=== DATA FOR THE TASK ===

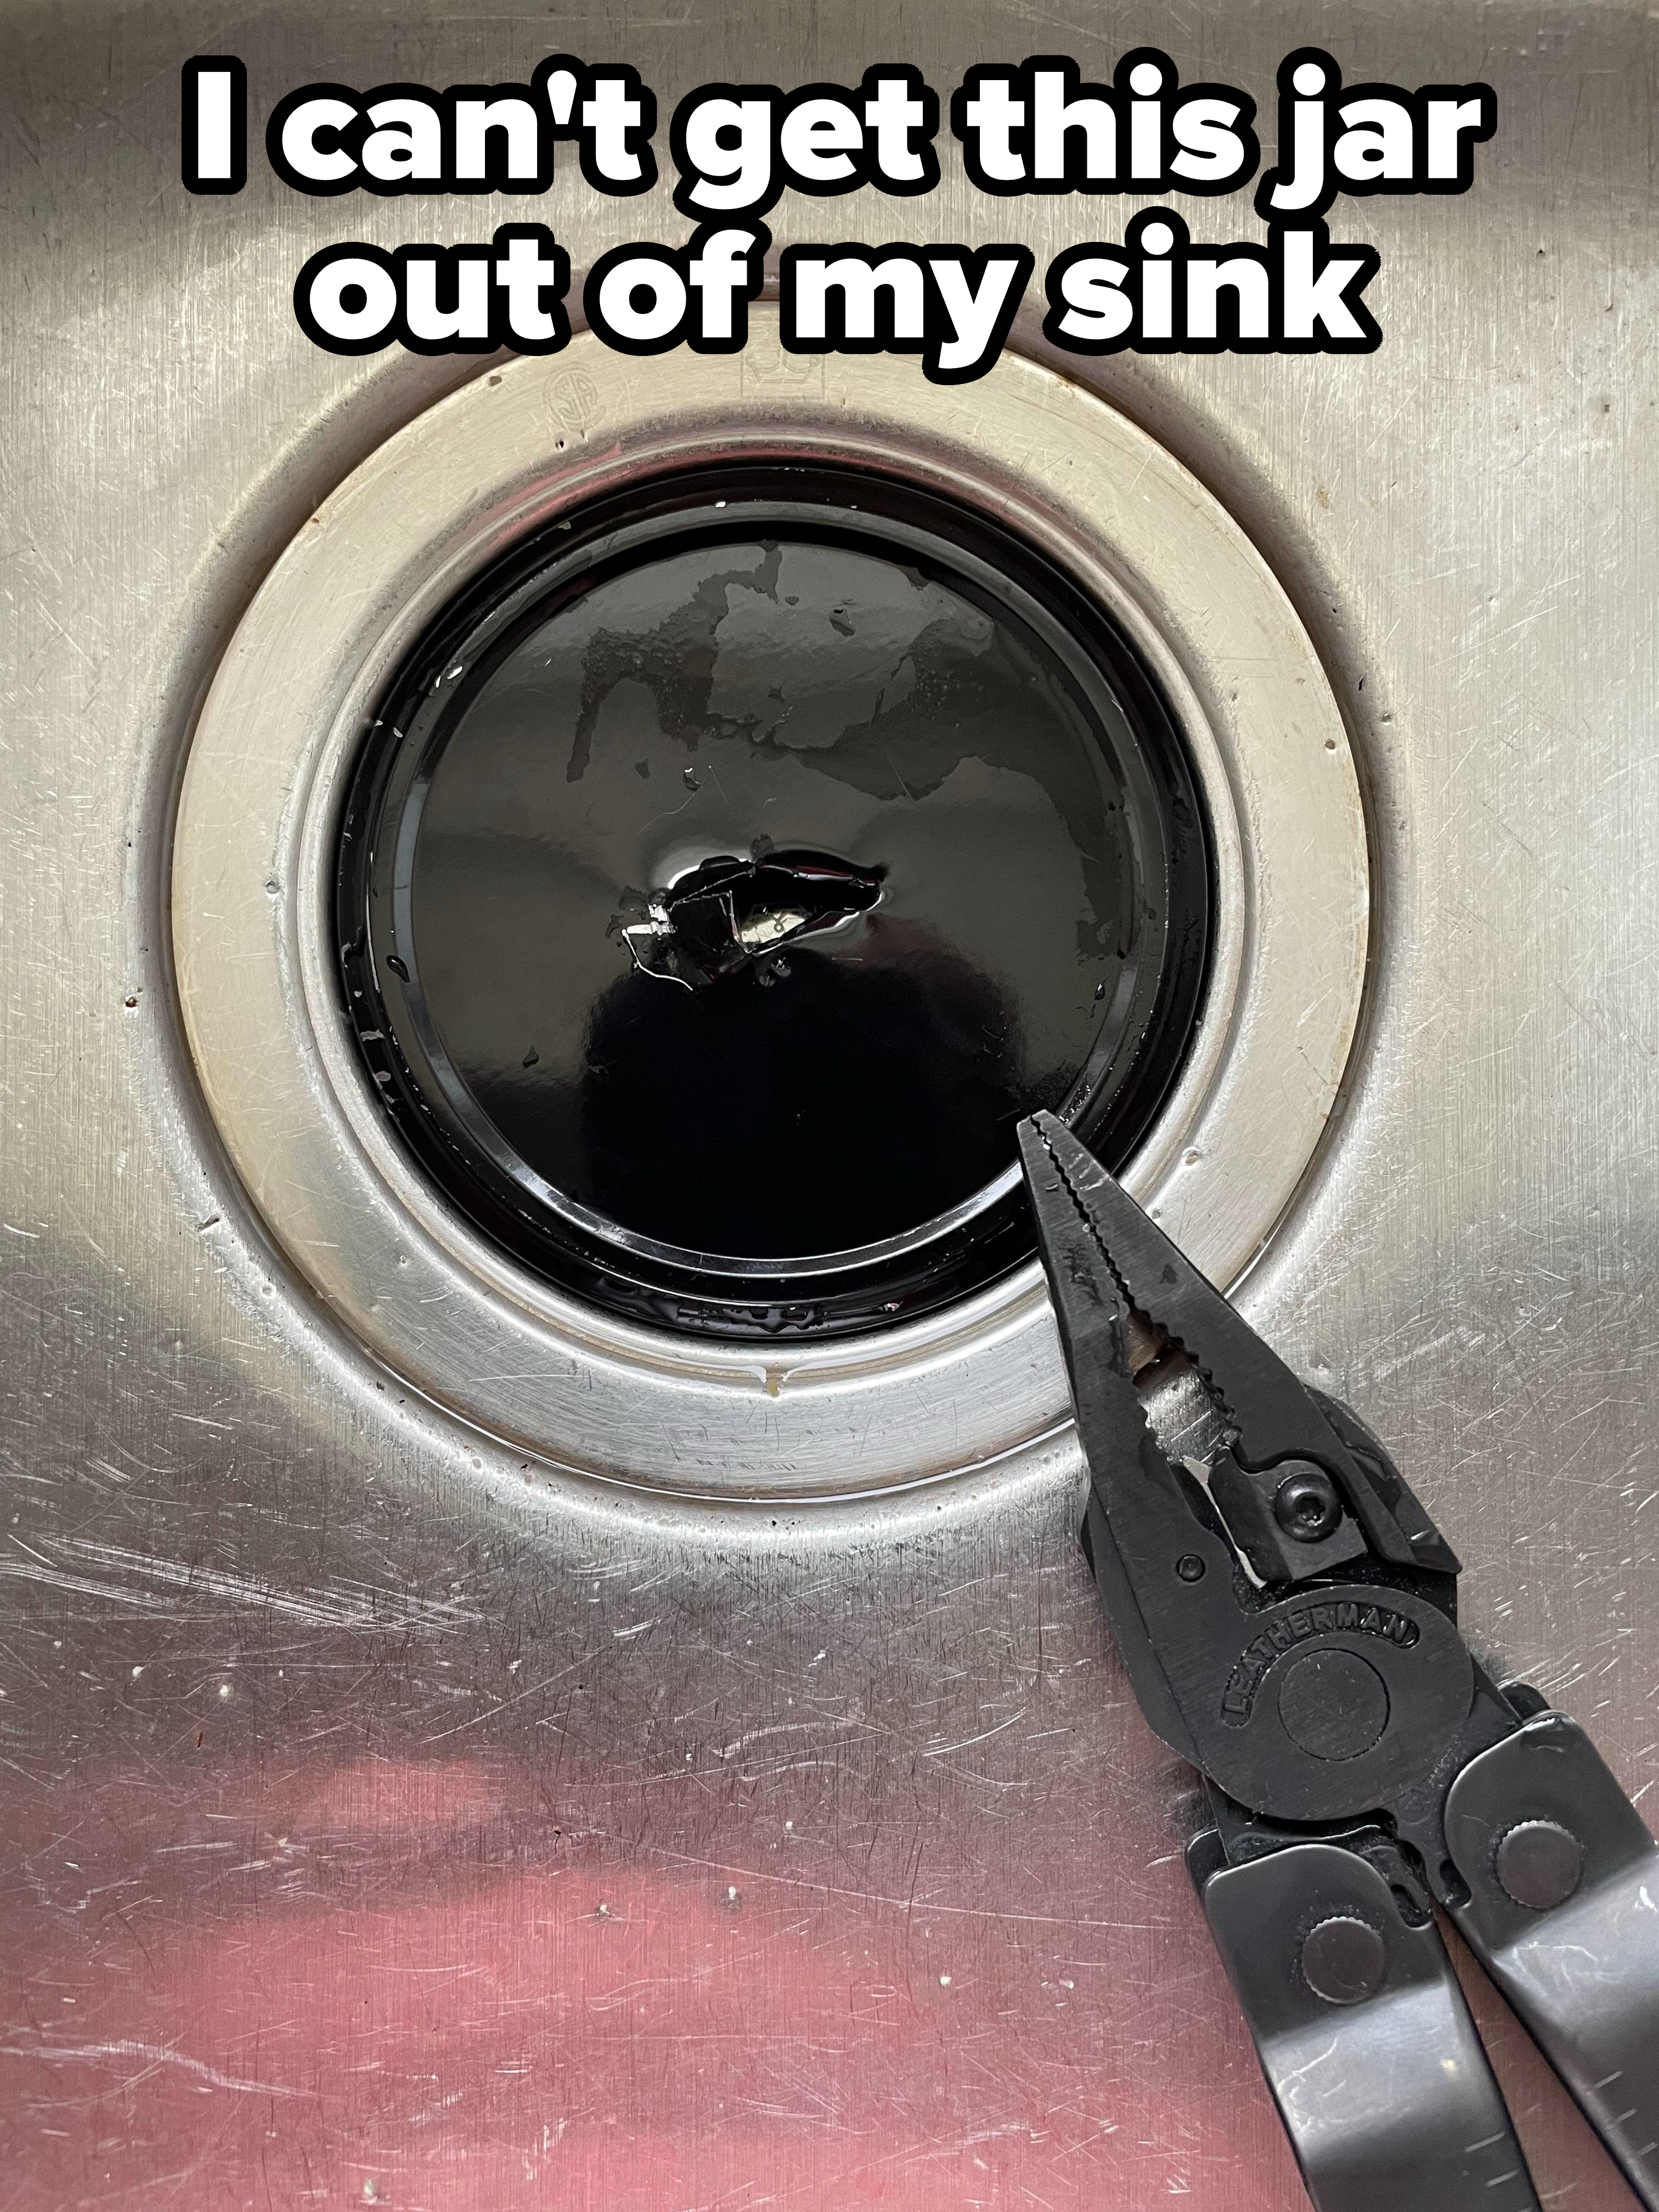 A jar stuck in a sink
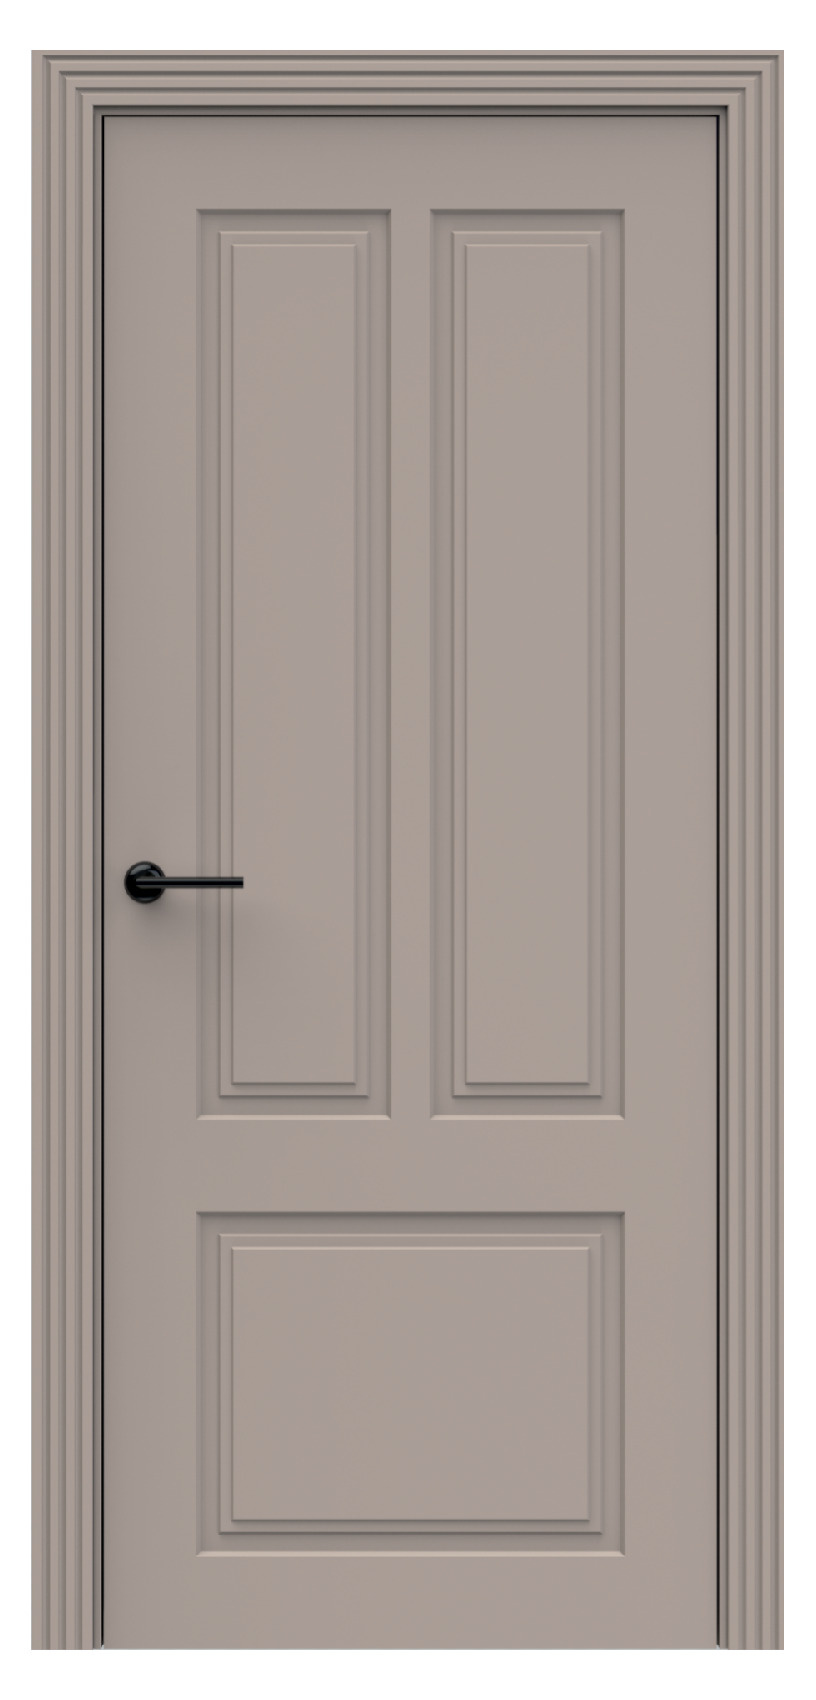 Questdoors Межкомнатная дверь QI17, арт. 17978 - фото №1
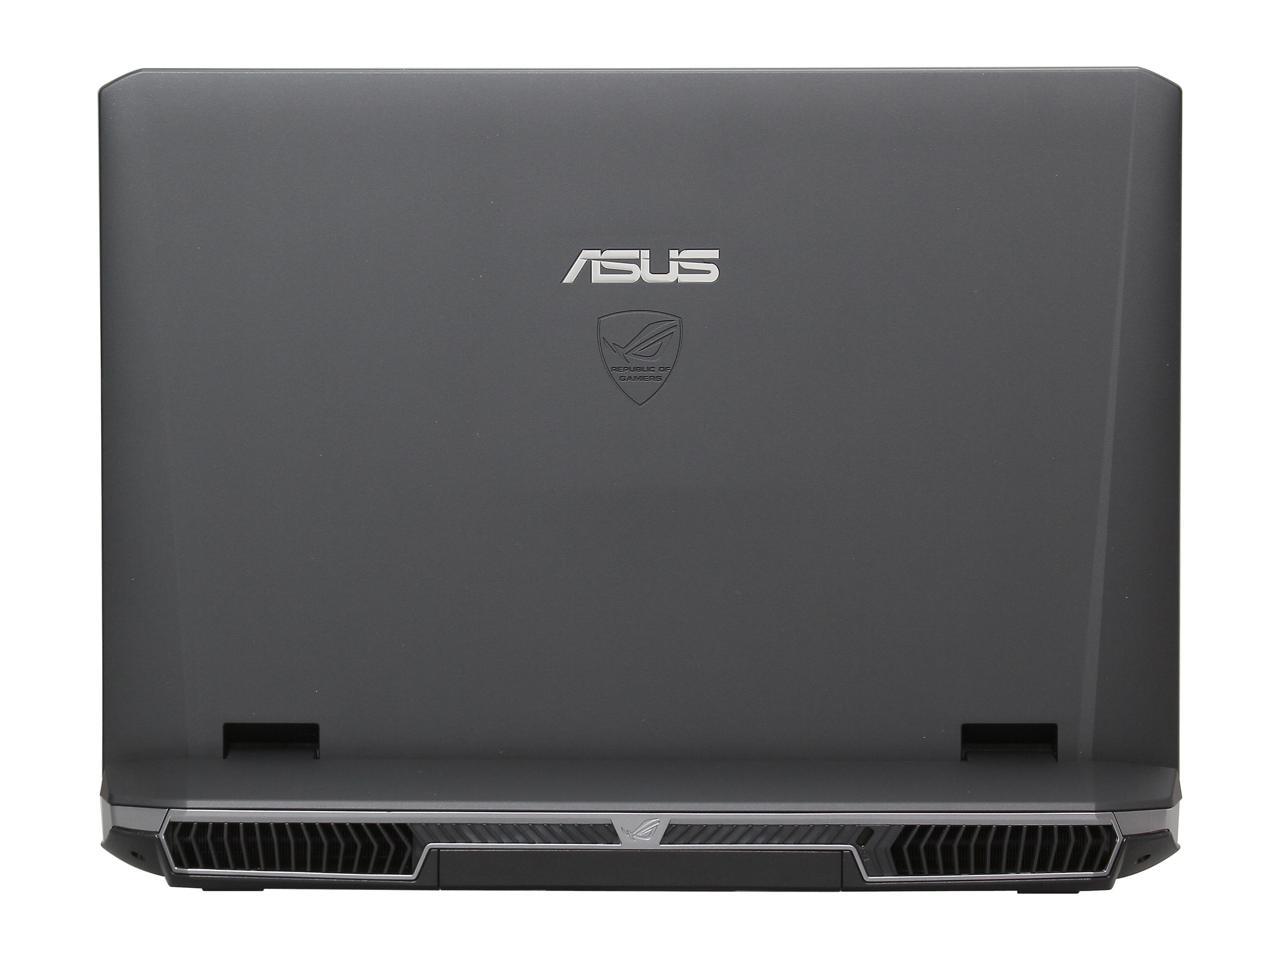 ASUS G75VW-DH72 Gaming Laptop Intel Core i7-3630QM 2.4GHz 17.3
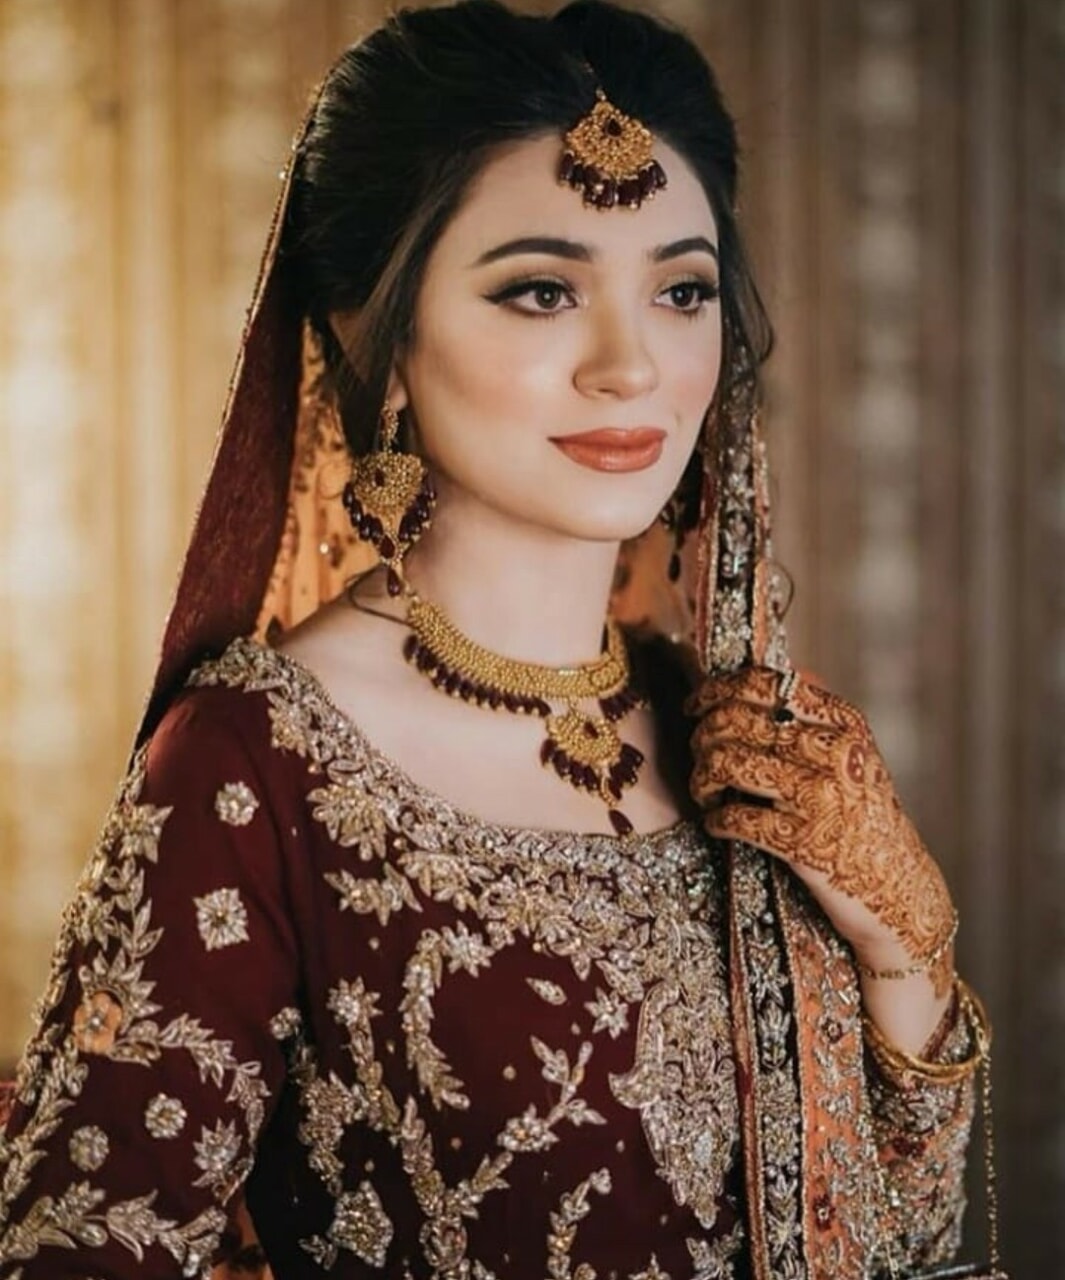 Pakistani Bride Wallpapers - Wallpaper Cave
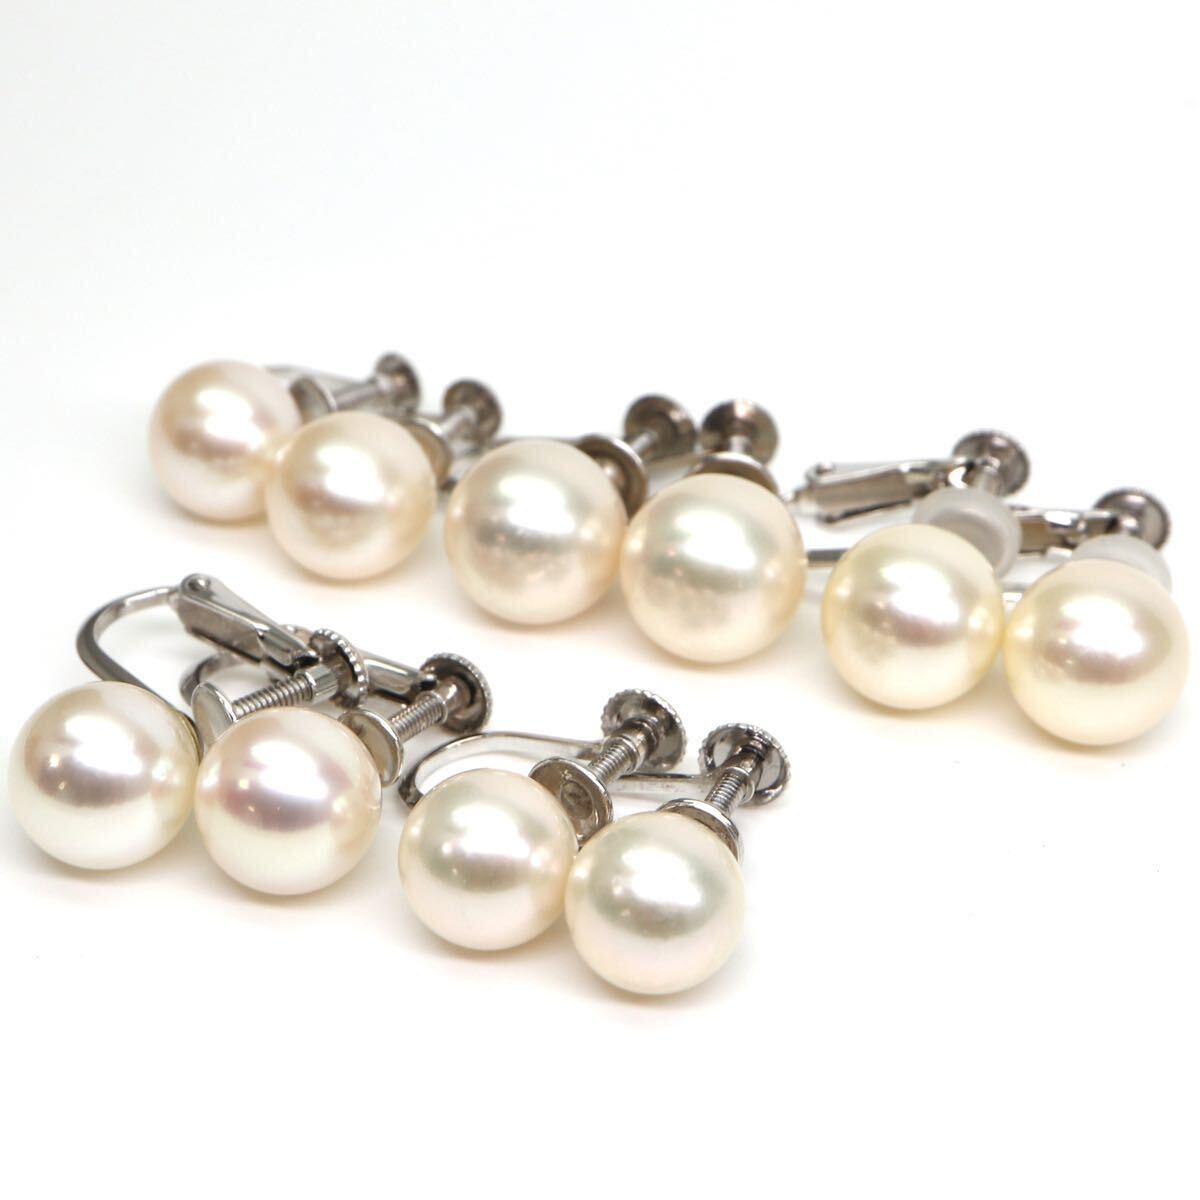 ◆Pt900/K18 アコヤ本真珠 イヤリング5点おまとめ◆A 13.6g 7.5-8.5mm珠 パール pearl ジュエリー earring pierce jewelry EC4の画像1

===

→ **EXERCISE DESCRIPTION**
Any picture in the listing above gets left out; output the rest exactly.

→ **RESULT**
 A jar stuck in a sink
 Questdoors Межкомнатная дверь QI17, арт. 17978 - фото №1
 ASUS G75VW-DH72 Gaming Laptop Intel Core i7-3630QM 2.4GHz 17.3
 Pakistani Bride Wallpapers - Wallpaper Cave
 ◆Pt900/K18 アコヤ本真珠 イヤリング5点おまとめ◆A 13.6g 7.5-8.5mm珠 パール pearl ジュエリー earring pierce jewelry EC4の画像1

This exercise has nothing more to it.